All the while, the president has kept up a steady pace of Twitter posts that underscore his refusal to accept that Biden has won and his baseless claim that he lost the election as a result of widespread voting fraud.

"THE DEMOCRATS DUMPED HUNDREDS OF THOUSANDS OF BALLOTS IN THE SWING STATES LATE IN THE EVENING," Trump tweeted Tuesday.

"IT WAS A RIGGED ELECTION!!!"

Twitter promptly labeled Trump's tweet with the message: "This claim about election fraud is disputed." The social media site has repeatedly slapped that label on Trump's tweets in recent weeks.

Trump's ranting on Twitter about the election — and lack of messages about the spiraling coronavirus death toll — has led a number of observers to compare the president to King Lear, the Shakespeare character who madly rages over his perceived betrayal.

Trump and his allies have lost or withdrawn all of the dozens of lawsuits that sought to undo or undercut Biden's victory, as the Electoral College confirmed Biden's win last week, and as a number of Republican members of Congress have accepted that Trump lost.

Particularly painful for the president was Attorney General William Barr telling The Associated Press that the Justice Department, which Barr oversees, had seen no evidence of widespread ballot fraud that would lead to Biden's victory being undone.

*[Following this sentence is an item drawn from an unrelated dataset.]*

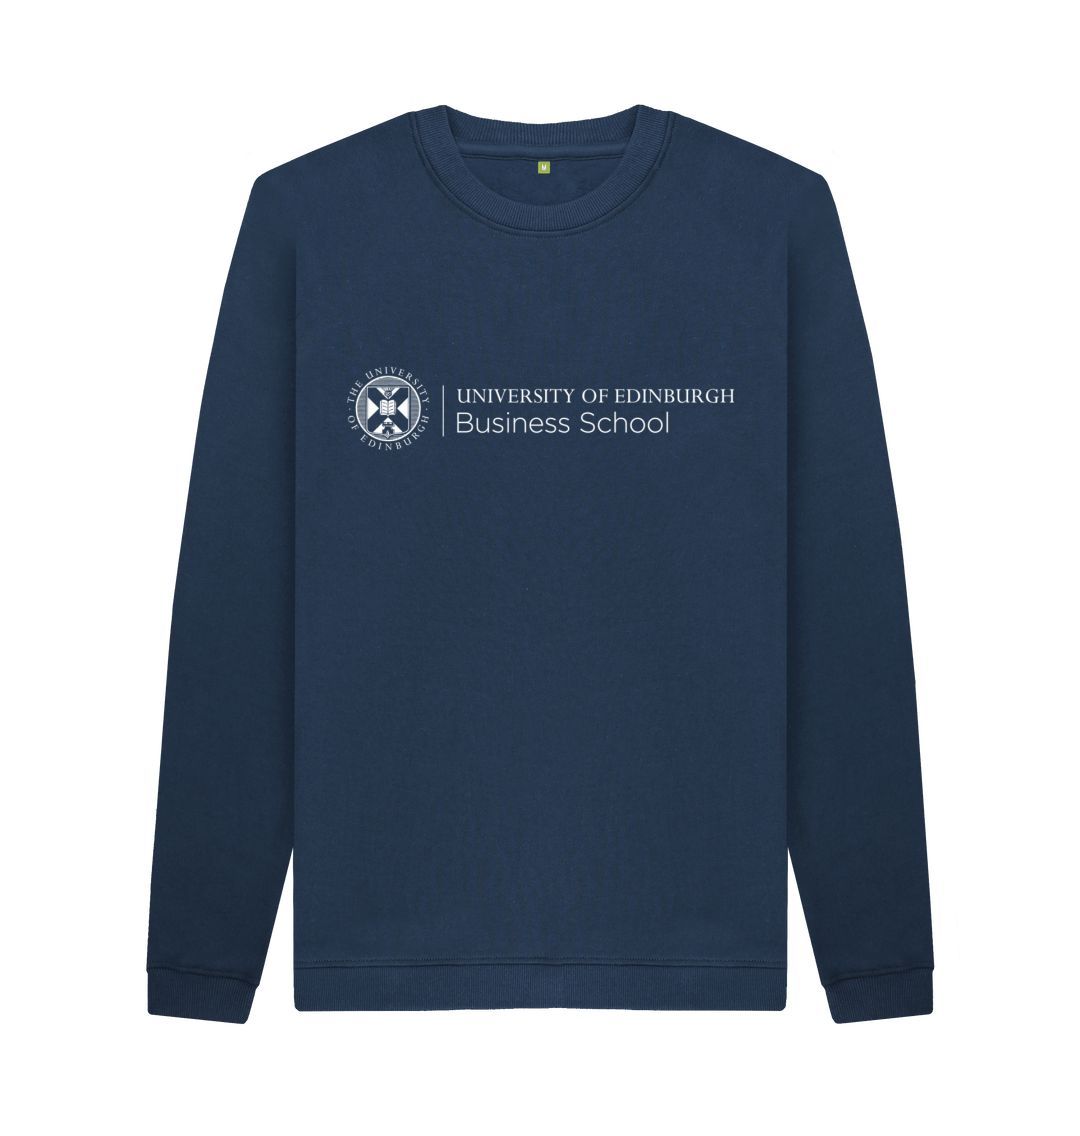 Navy sweatshirt with white University crest and text that reads ' University of Edinburgh Business School'

While Trump cannot control how judges rule, even judges he appointed, he is Barr's boss, and the Justice Department is part of the executive branch of government.

Barr's pointed refusal to endorse Trump's conspiracy theories about the election was soon followed by the attorney general's resignation, which takes effect Wednesday.

The losses in court and of Barr as an ally willing to do the president's bidding have left Trump with little more than hail Mary scenarios of the kind promoted by Powell, Flynn and Byrne.

CNBC asked White House spokesman Judd Deere asked about the advice Trump was getting from that trio, whether the president was contemplating declaring martial law as Flynn has suggested, and what Trump believes Congress should do on Jan. 6. That is the date on which Congress is scheduled to affirm the Electoral College results.

Deere declined to comment.

But on Monday, Trump met at the White House with Rep. Mo Brooks, R-Ala., and around a dozen other House GOP members whom Brooks said were willing to challenge the Electoral College results.

"President Trump is very supportive of our effort," Brooks told The Associated Press.